Thursday, May 19, 2011

The Cost of Survival

Jerry Seinfeld once said, if your body was a car, you would never buy it because of the upkeep. I think he was specifically talking about transplant patients.
If you read my previous blog post, you know that I am currently trying to raise money for the American Organ Transplant Association. This charity helps pay for the cost of travel, testing, surgery, and aftercare of transplant patients. To give you an example of how expensive it can be to live as an organ transplant recipient, I thought I would go through my past as a patient.

1. When I was 11, my pediatric pulmonologist sent me to Texas Children's Hospital in Houston for a lung Biopsy. I spent 10 days in the hospital and my family had to travel.

2. Next, my parents and I had to move to St. Louis. in 2000, St. Louis Childrens Hospital/ Barnes-Jewish Hospital was the best place in the country to have a lung transplant. Our things had to be stored and we lived in a house with my older brother and his wonderful wife who so graciously took us in.

3. In October 2000, I had a living donor lung transplant. This included an operation on myself, my dad, and on my brother. 3 surgeries, 3 surgeons, triple the cost. Average cost is $550,000. I was in the hospital for 20 days.

4. The hospital required us to stay in St. Louis an additional 3 months after for follow up care which included weekly clinic visits, physical therapy, and testing. Afterwards, we had to fly up for follow up appointments every 3 months, then every 6 months, then yearly until I was an adult. Think of all the travel cost over the years from 12 to 18.

5. Transplant patients take 2 types of anti-rejection medication. First either cyclosporine, prograf, or rapamune (I take prograf) and secondly either cellcept or myfortic (I take myfortic). Without insurance, a 90 day supply of only one of these anti-rejection medications is over $2,000. I've been on them for over 10 years. That's $120,000 for one medication. I take 11 different medications daily. I cant imagine how I could ever have survived without great health insurance, which so many people don't have.

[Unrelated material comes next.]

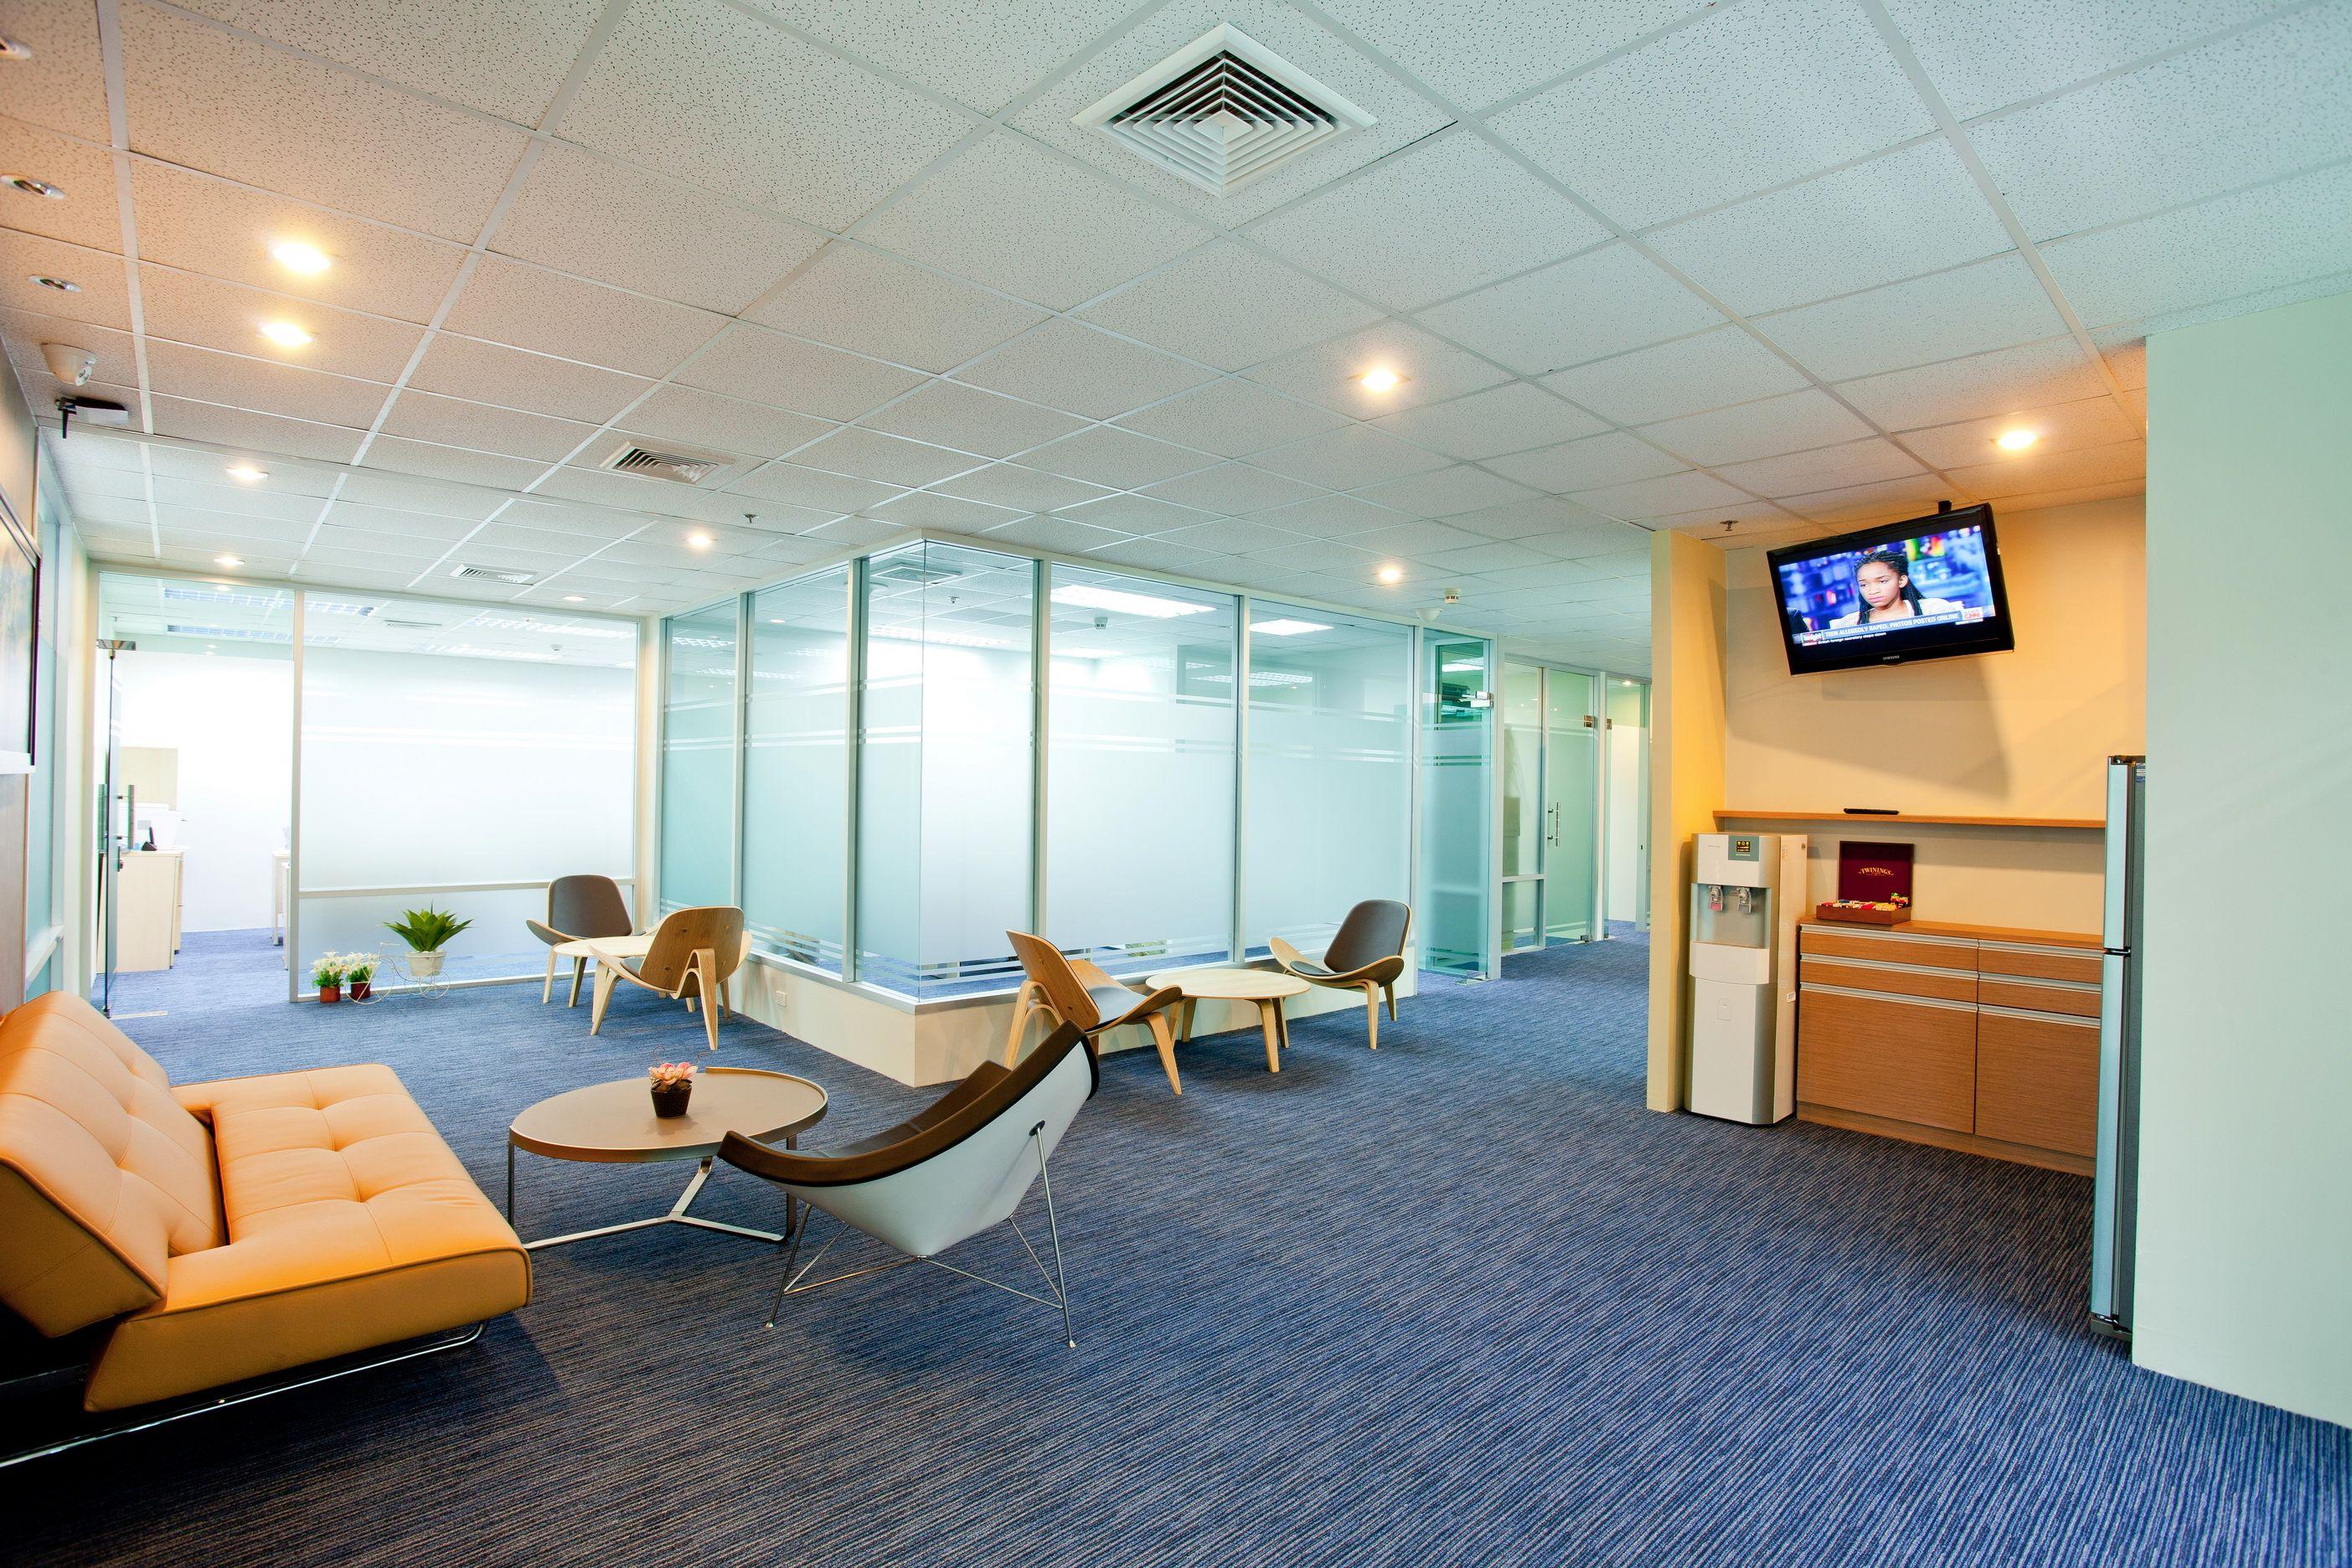 Linuxx Serviced Office Cozy Living Room President Tower 6th Floor Chidlom Bangkok Thailand

6. I am immunosuppressed. I have been hospitalized for CMV, pneumonia, broken limbs, low potassium, dehydration, cryptosporidium, shingles, bronchitis, pulmonary emboli, migraines, and renal failure just to name a few.

7. I went into end stage renal failure twice. The second time, it did not reverse. I had a kidney transplant in September of 2009. Kidney transplants are thought to cost between $150,000 and $300,000. I spent a week in the hospital.

8. I had to get a port placed for phoropheresis. Every hospital in Texas refused to place a vortex port because such port wasn't being used here for transplant rejection. Therefore, my dad and I had to travel to Kansas for the surgery.

9. Photopheresis is a procedure where your blood is treated with photoactivable drugs and then exposed to UV light. Without insurance, it costs at least $80,000 and most insurance companies don't cover it for the treatment of rejection. I am blessed enough to have an insurance company that did cover it.

This has only been in the past 11 years. You can easily see that I've racked up millions of dollars in hospital cost over this time. I've been so blessed to have started out with good health insurance through my father's employment and now I simply have to be vigilant that I'm always covered. Also, I am so lucky to have been born to parents who have a plethora of financial wisdom. My dad has always stayed out of debt and saved his money. Now that I have been sick, he has the funds saved up to pay for things out of pocket when needed. It doesn't take very long to find people in this world who aren't in the same place of financial stability that my family is. So many people these days live on credit, pay minimum balances, and owe money on homes, cars, school loans, etc. No one expects to get sick, need an expensive transplant, and a lifetime of aftercare. That's why this fundraiser is so important to me. I am in a place of privilege by no doing of my own. I feel that I need to give back to people who haven't been as blessed as I have been, financially, but are still facing the same struggles I am, physically.
If I can make the battle easier for someone who is fighting on two fronts, that's the least I can do. So please, if you can donate, even a dollar, please do! The life of a transplant patient is exhausting enough without medical debt piling up around you!